**Given records:**
++++++++++++++++++++

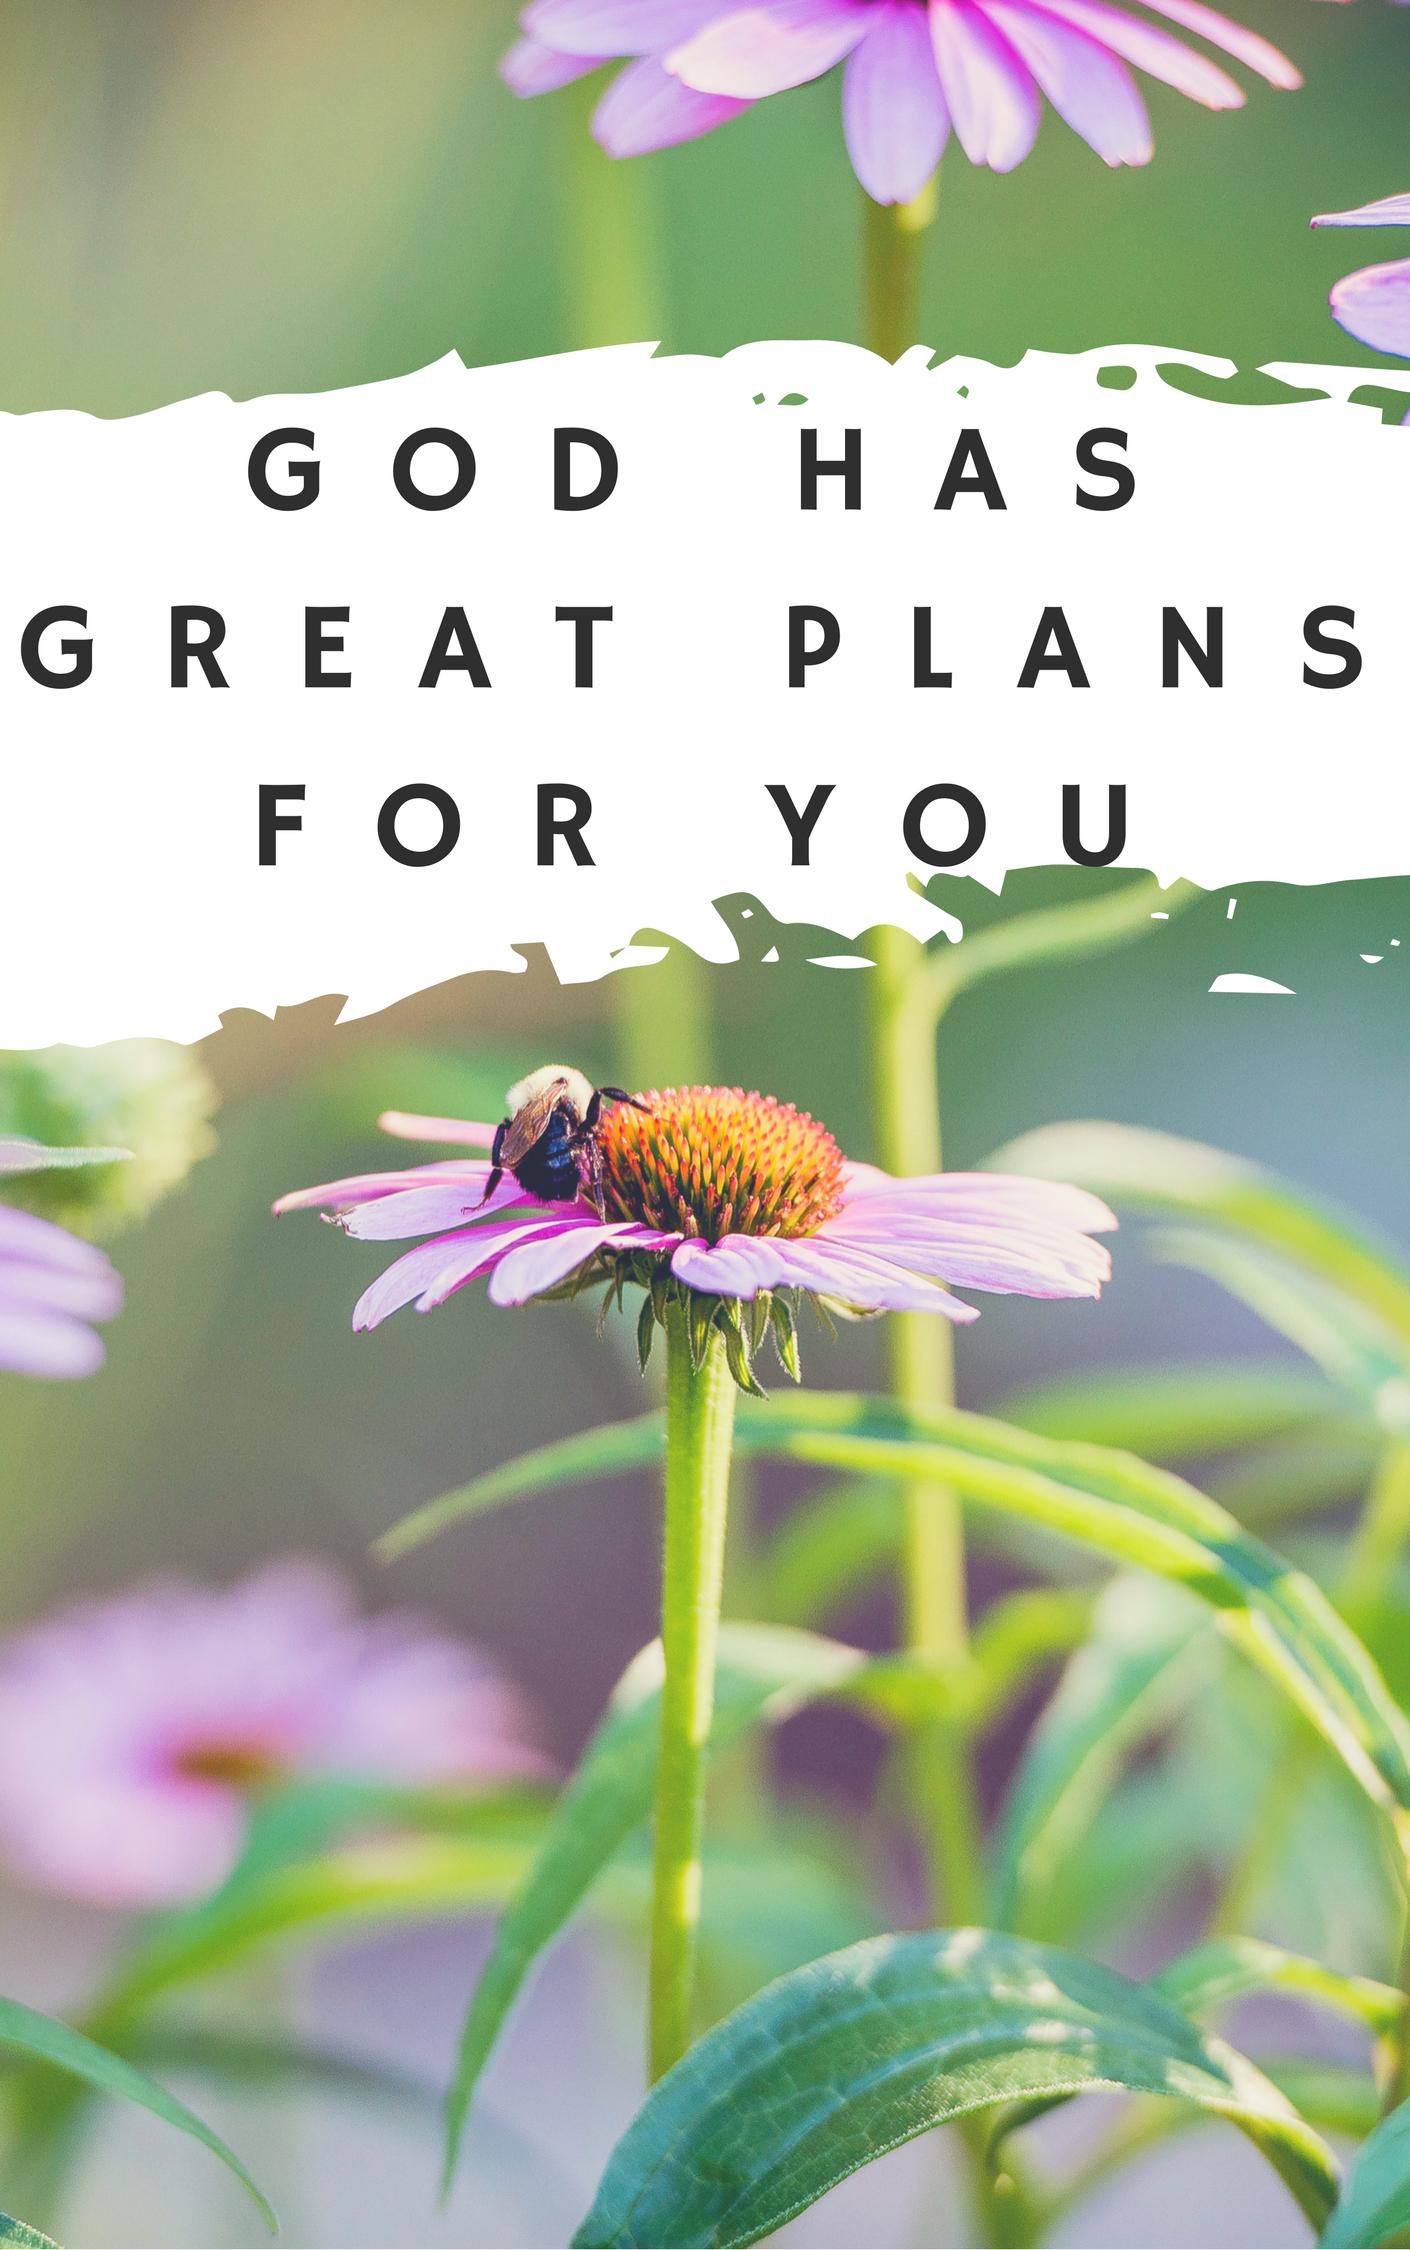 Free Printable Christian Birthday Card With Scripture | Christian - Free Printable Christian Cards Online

++++++++++++++++++++

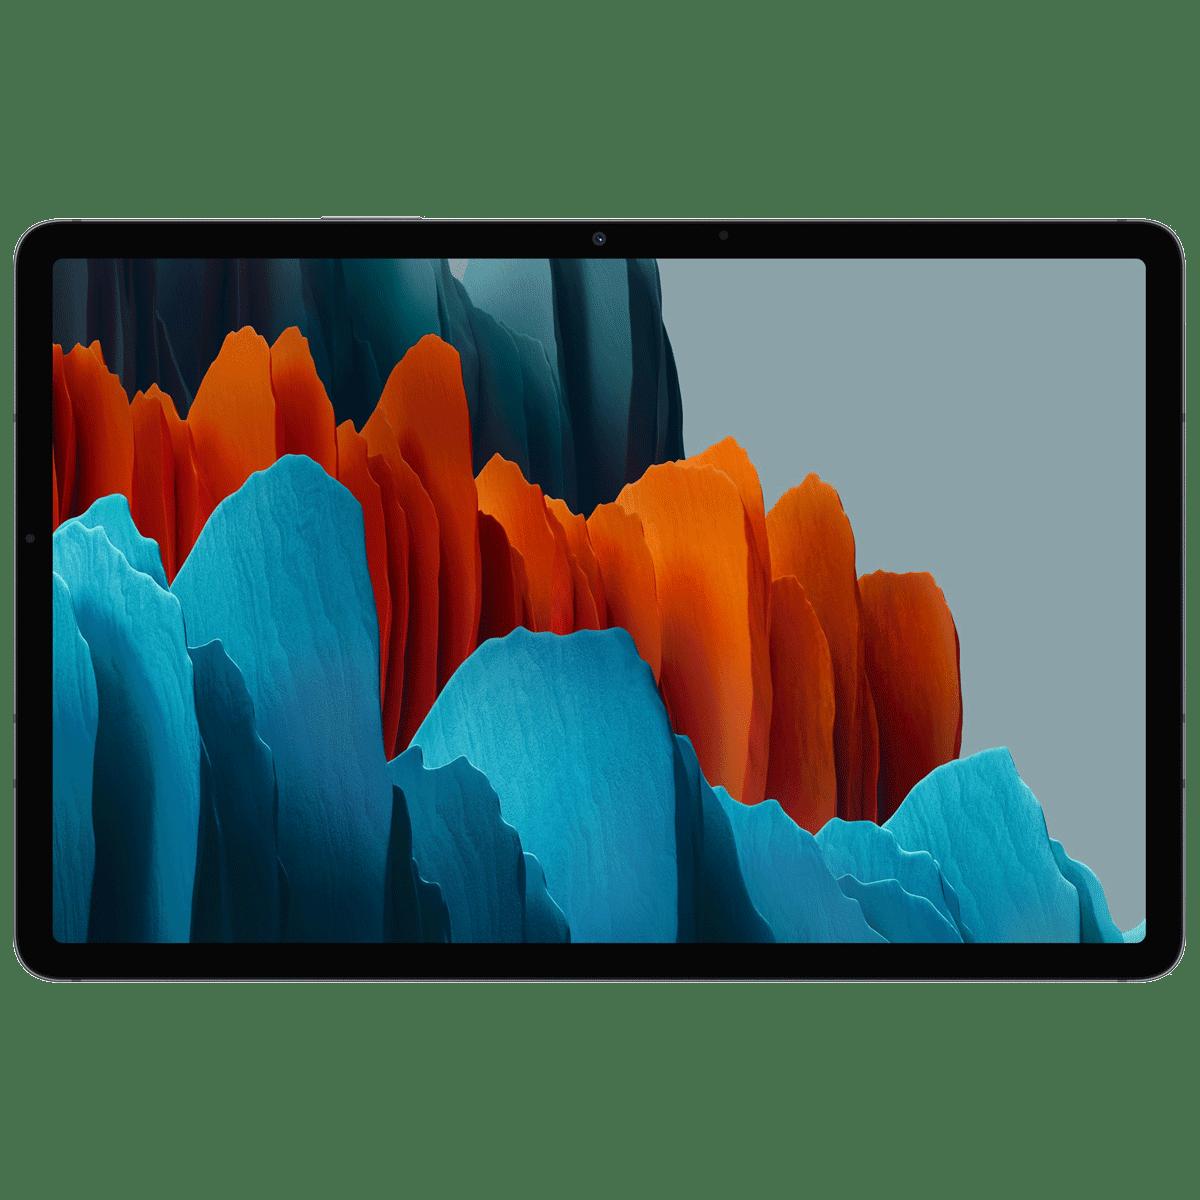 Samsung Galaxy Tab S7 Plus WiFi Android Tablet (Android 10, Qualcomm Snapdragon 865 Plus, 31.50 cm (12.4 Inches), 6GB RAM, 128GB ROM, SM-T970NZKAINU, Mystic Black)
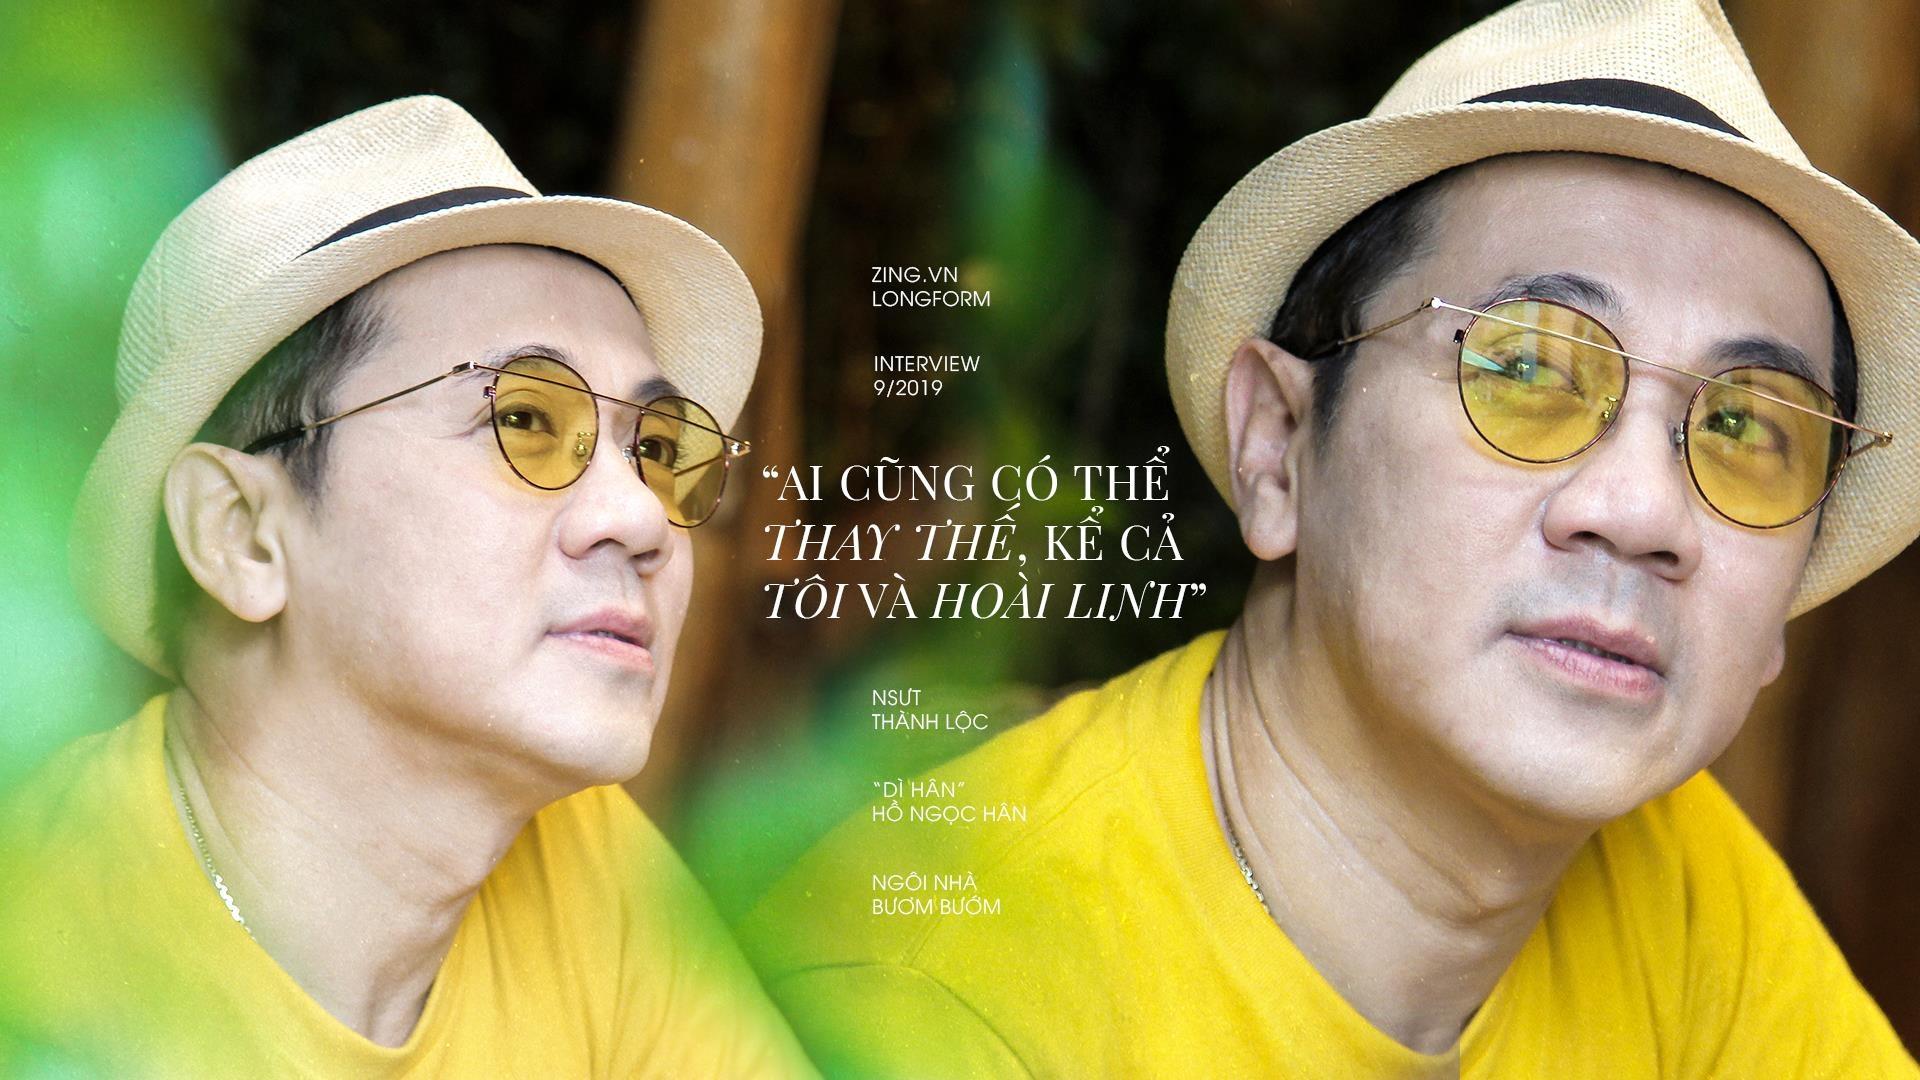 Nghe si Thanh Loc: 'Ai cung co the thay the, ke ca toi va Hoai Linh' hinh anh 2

++++++++++++++++++++

**What to produce:** Among the entries above, take the line with "Samsung Galaxy Tab", the line with "Nghe si Thanh", and all the lines between them, and restate them word for word without pictures.

**Completed task:**
 Samsung Galaxy Tab S7 Plus WiFi Android Tablet (Android 10, Qualcomm Snapdragon 865 Plus, 31.50 cm (12.4 Inches), 6GB RAM, 128GB ROM, SM-T970NZKAINU, Mystic Black)
 Nghe si Thanh Loc: 'Ai cung co the thay the, ke ca toi va Hoai Linh' hinh anh 2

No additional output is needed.